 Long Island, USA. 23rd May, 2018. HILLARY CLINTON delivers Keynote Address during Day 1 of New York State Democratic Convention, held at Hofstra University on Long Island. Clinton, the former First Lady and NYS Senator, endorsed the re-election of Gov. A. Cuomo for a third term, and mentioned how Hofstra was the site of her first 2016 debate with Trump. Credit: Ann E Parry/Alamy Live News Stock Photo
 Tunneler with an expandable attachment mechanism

---

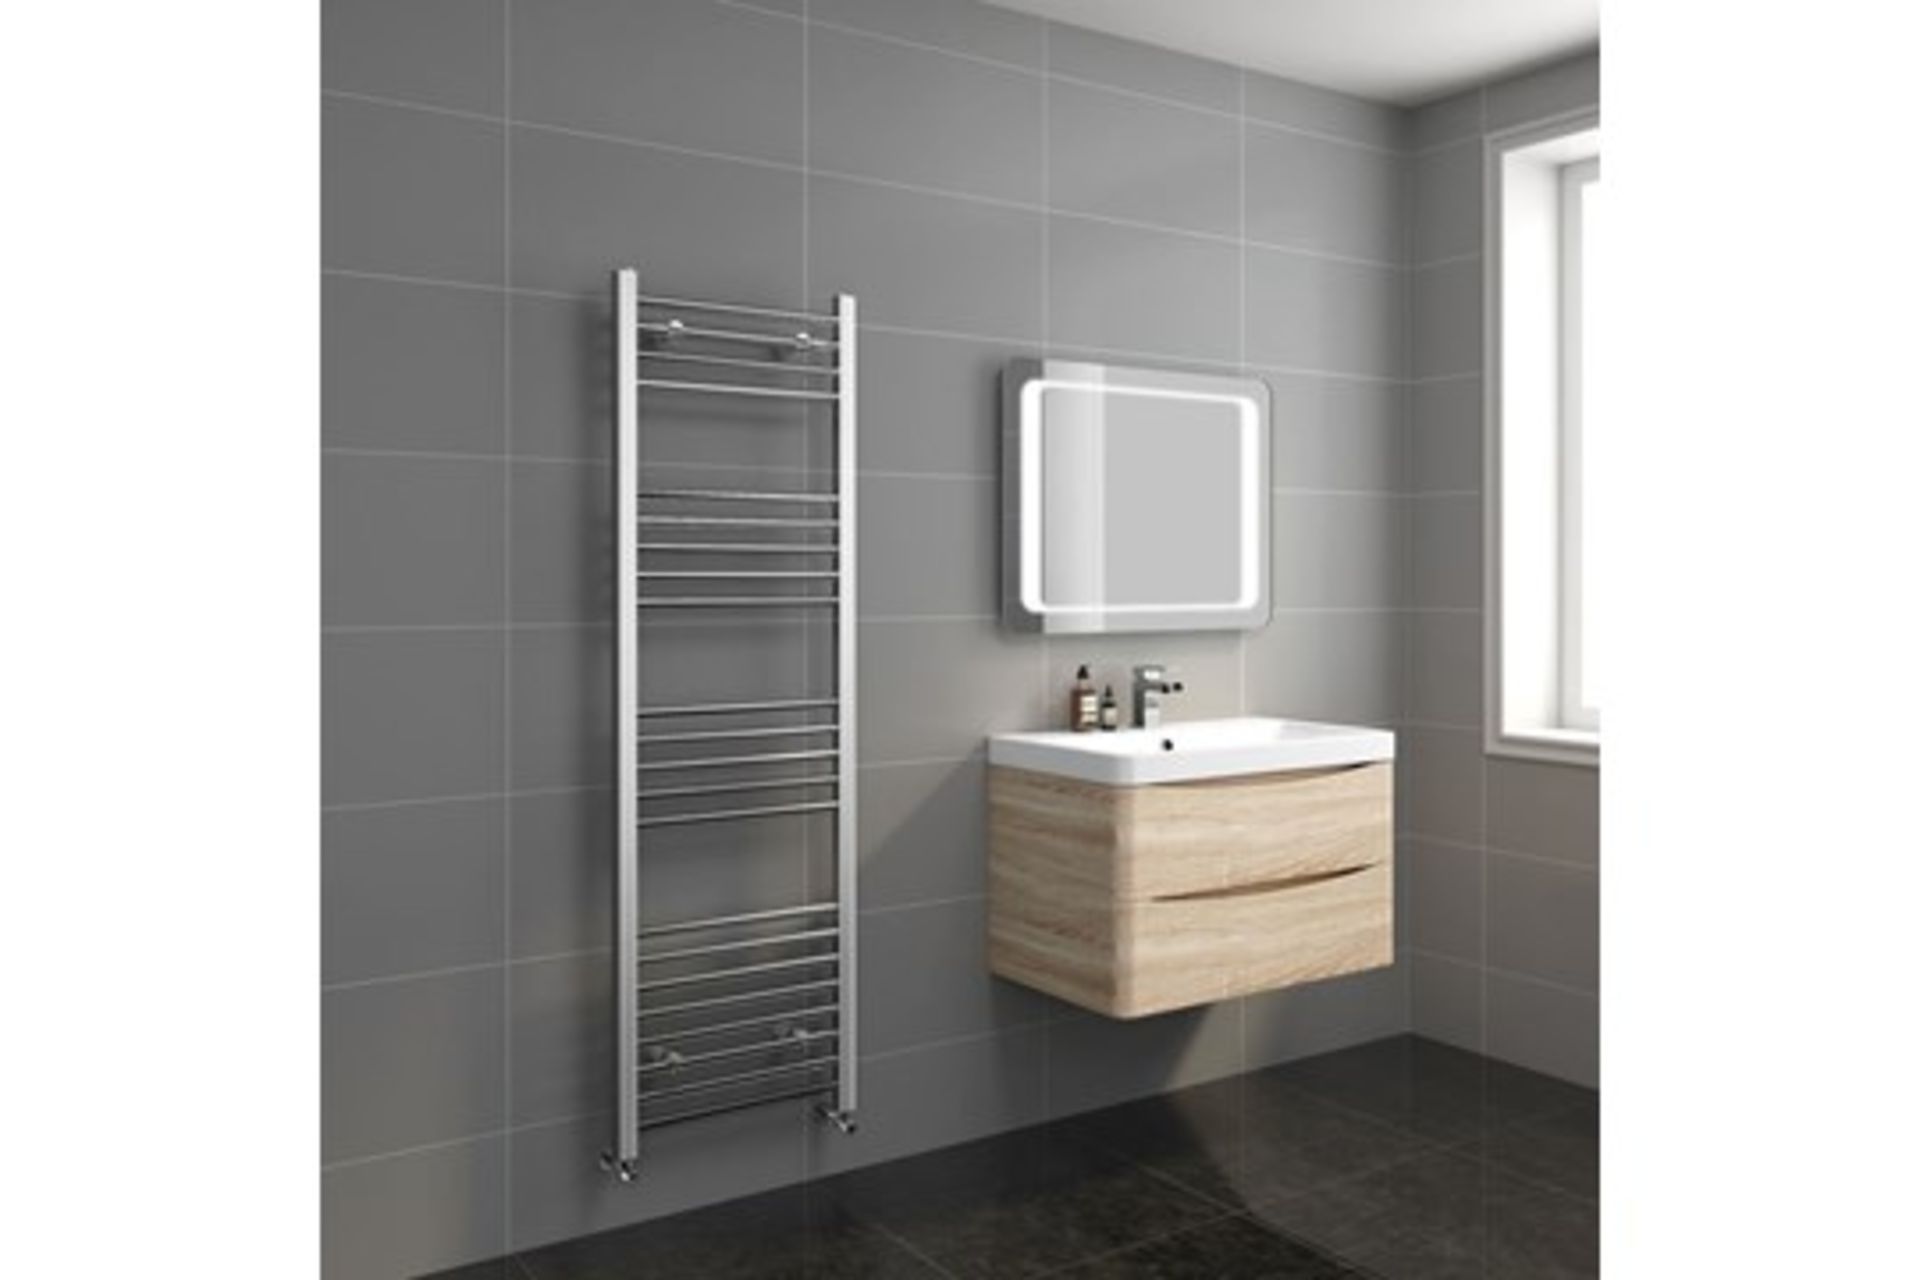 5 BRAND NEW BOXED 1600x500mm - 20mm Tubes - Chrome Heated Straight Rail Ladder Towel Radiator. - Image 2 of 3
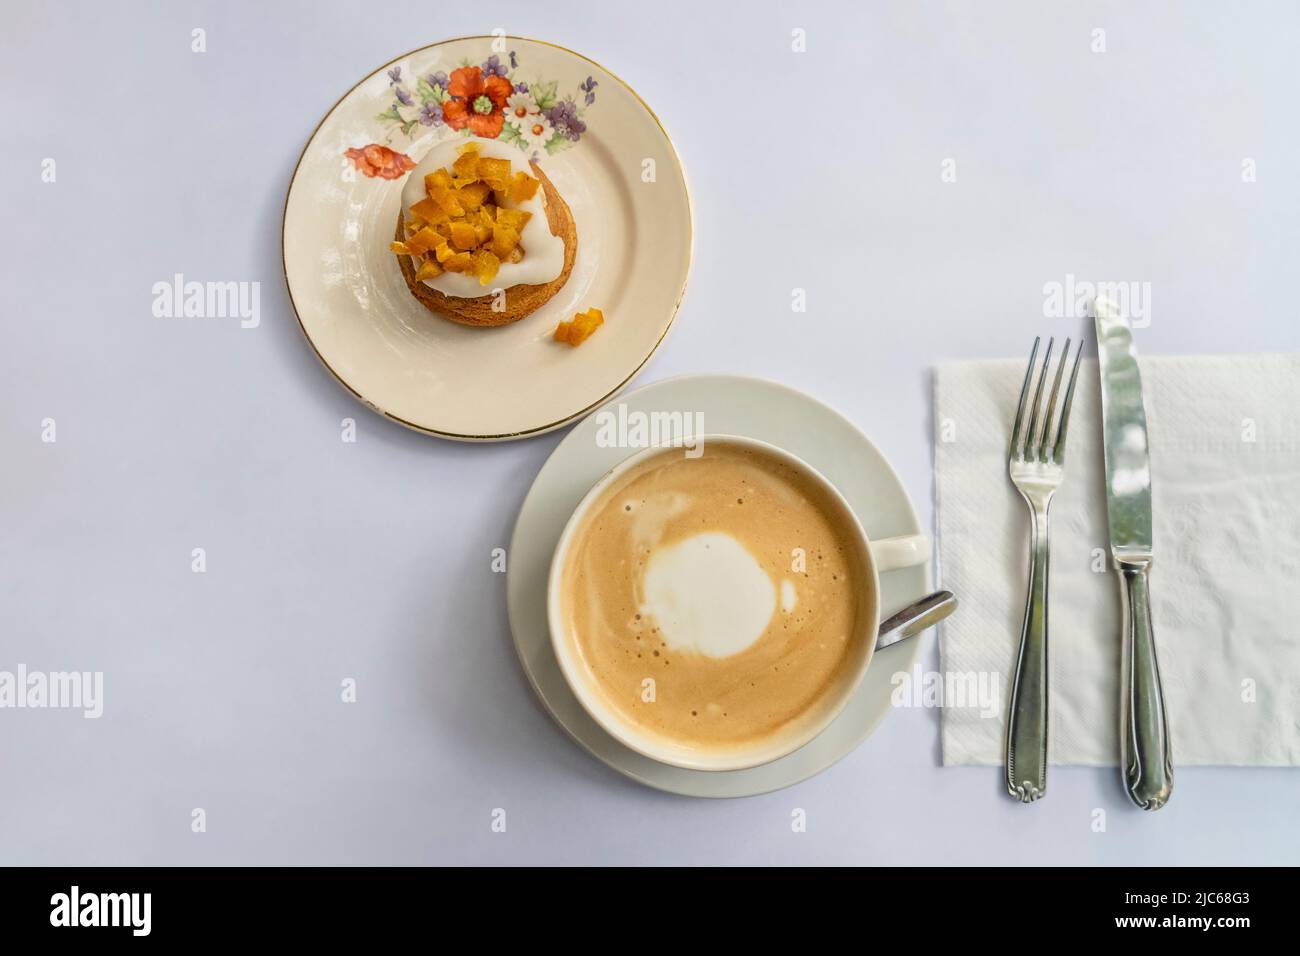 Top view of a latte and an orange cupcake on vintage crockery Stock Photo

* [TASK OBJECTIVE]: Beginning with the line containing "Long Island, USA." and ending with the line containing "Tunneler with an", extract those lines exactly from the listing above, and only those.

* [TASK ANSWER]:
 Long Island, USA. 23rd May, 2018. HILLARY CLINTON delivers Keynote Address during Day 1 of New York State Democratic Convention, held at Hofstra University on Long Island. Clinton, the former First Lady and NYS Senator, endorsed the re-election of Gov. A. Cuomo for a third term, and mentioned how Hofstra was the site of her first 2016 debate with Trump. Credit: Ann E Parry/Alamy Live News Stock Photo
 Tunneler with an expandable attachment mechanism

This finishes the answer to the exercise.